━━━━━ Source data

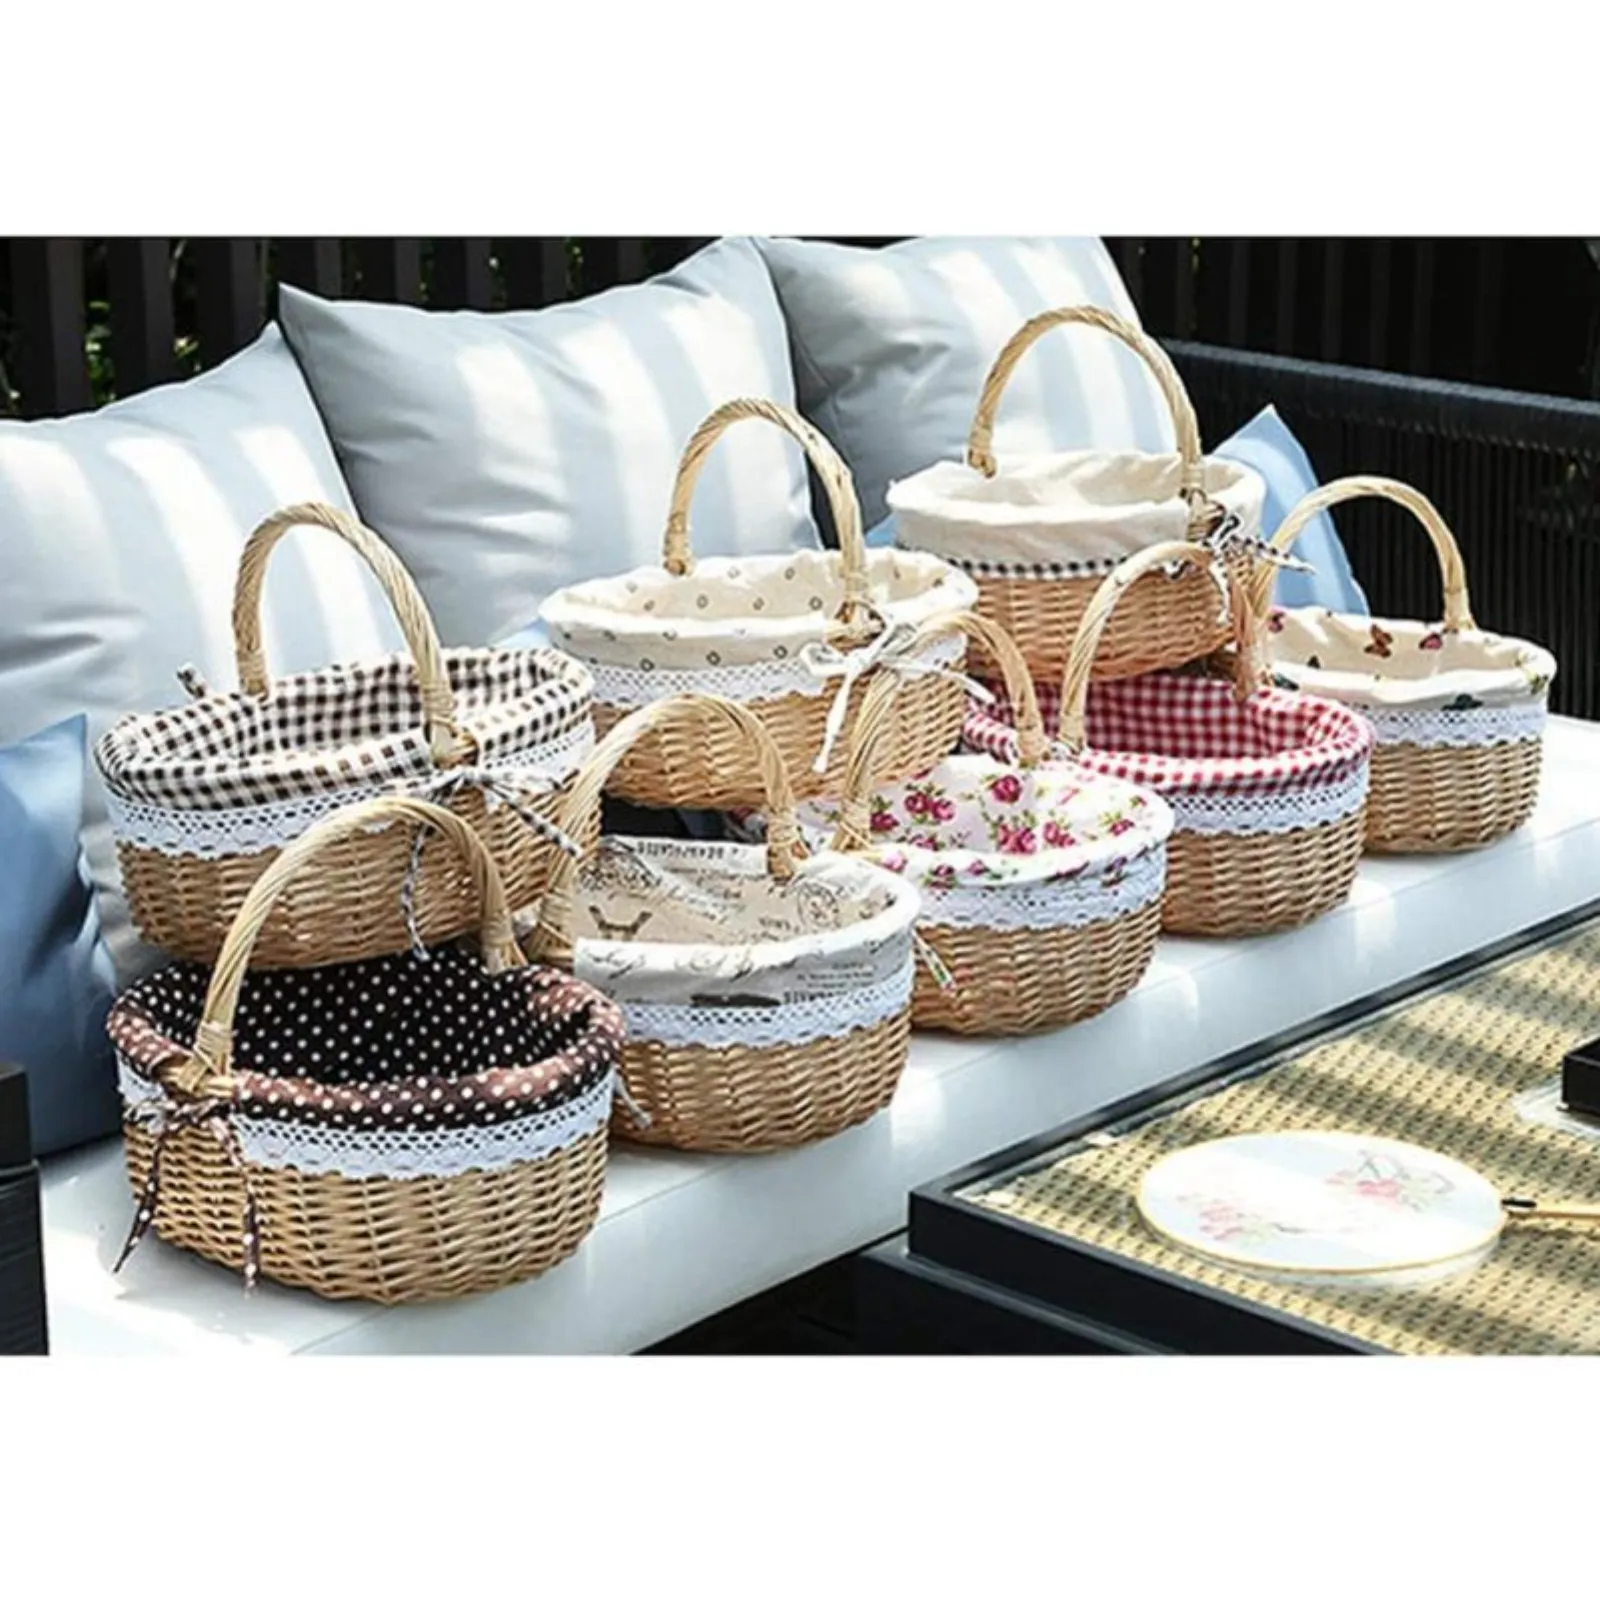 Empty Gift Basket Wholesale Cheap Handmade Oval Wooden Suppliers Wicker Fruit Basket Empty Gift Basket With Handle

━━━━━━━━━━
━━━━━ Source data

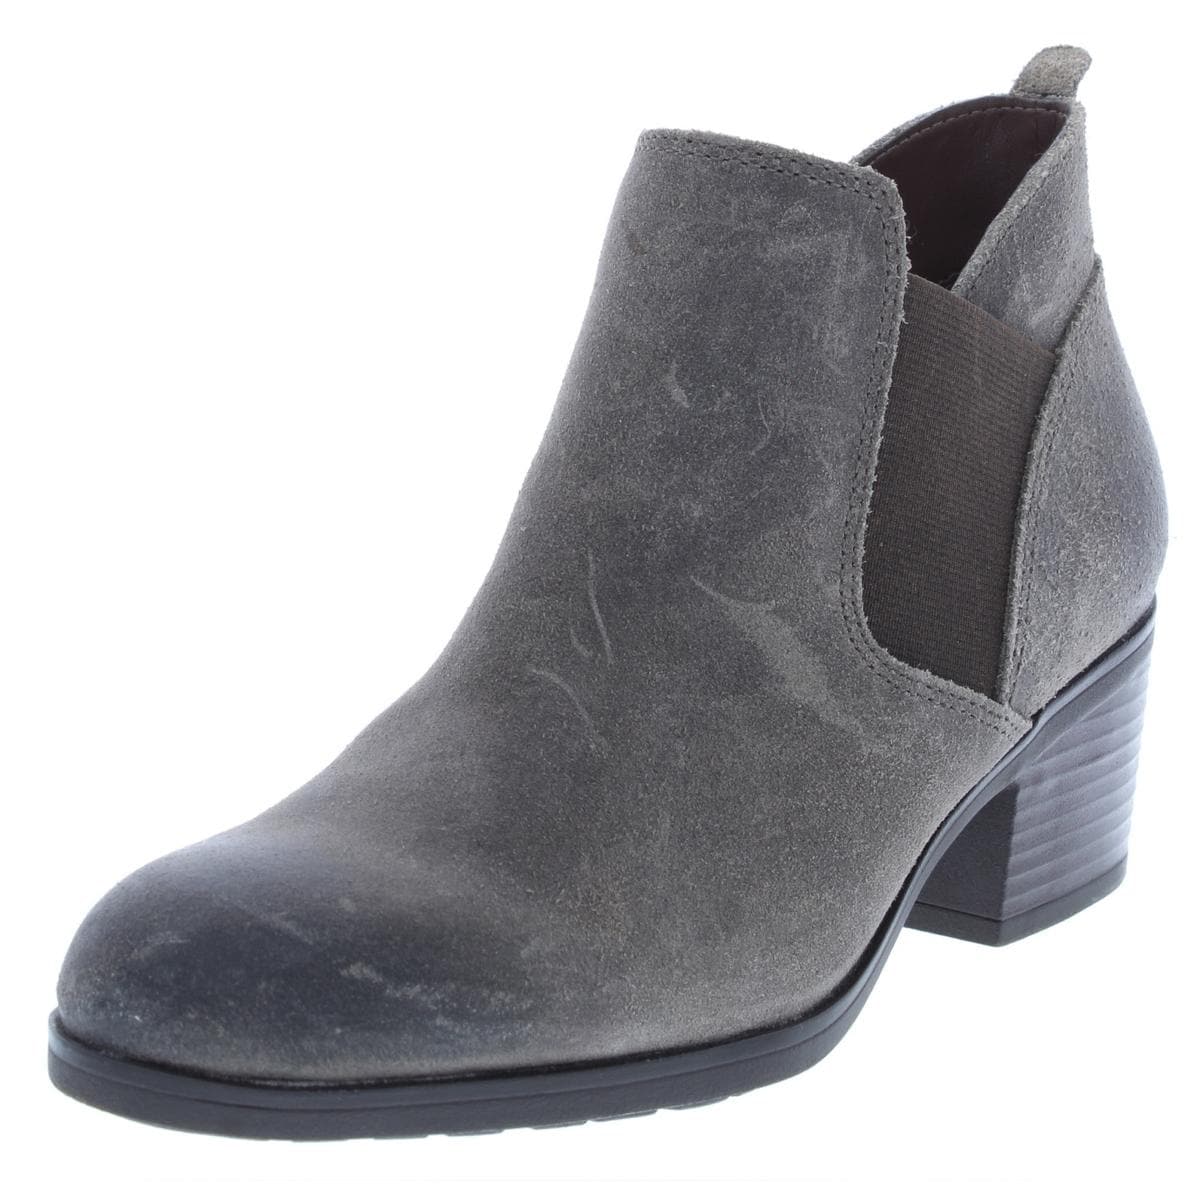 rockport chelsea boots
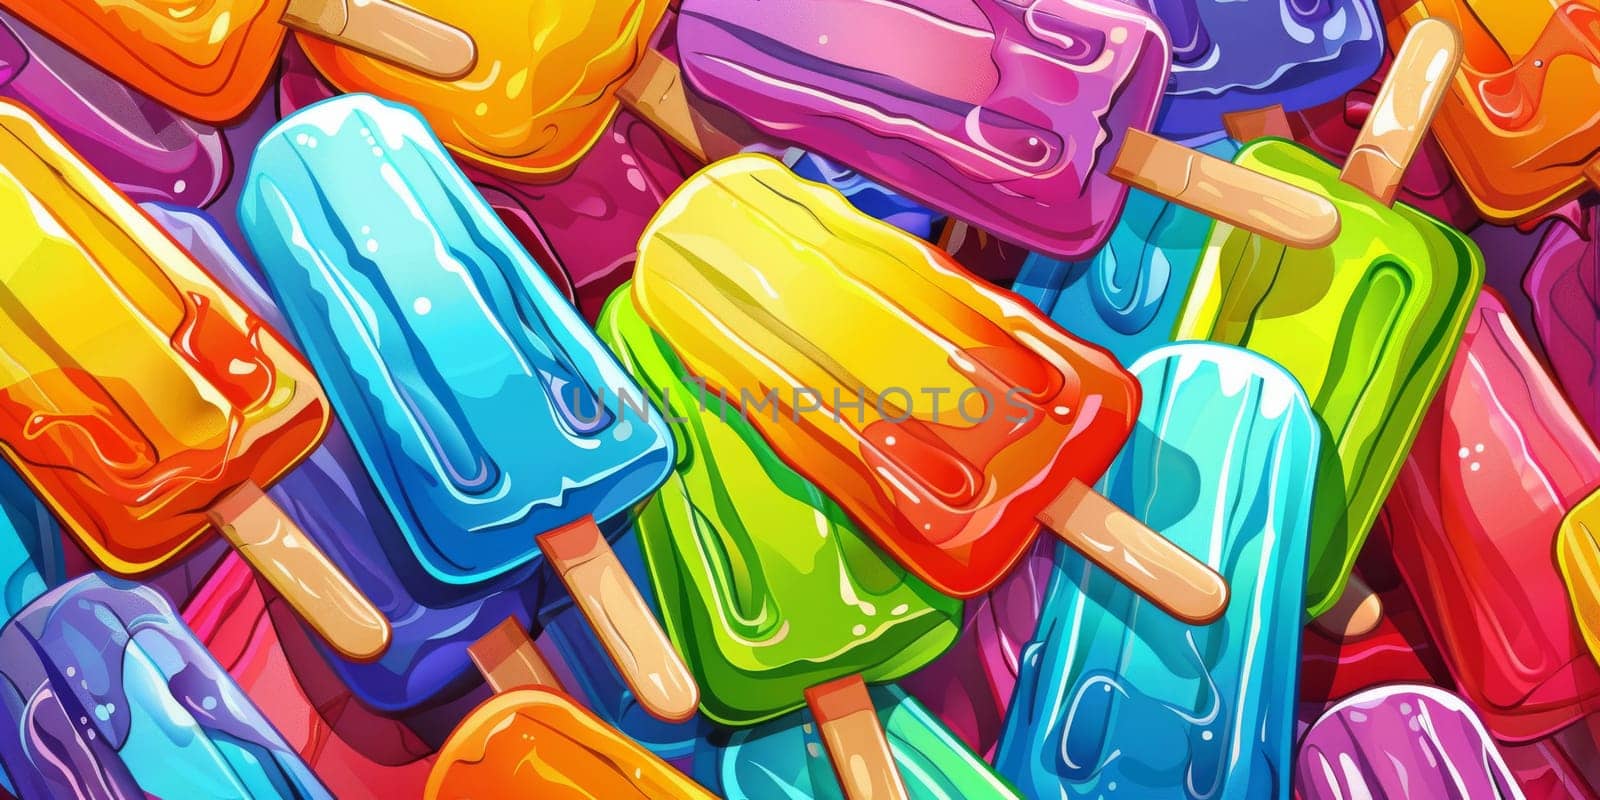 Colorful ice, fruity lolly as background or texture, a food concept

━━━━━━━━━━

#### What is required
In the data above, find the line containing "rockport chelsea boots" and the line containing "Colorful ice, fruity". Copy exactly the stretch from the first through the second, both included, leaving out any picture.

#### Answer to this task
 rockport chelsea boots
 Colorful ice, fruity lolly as background or texture, a food concept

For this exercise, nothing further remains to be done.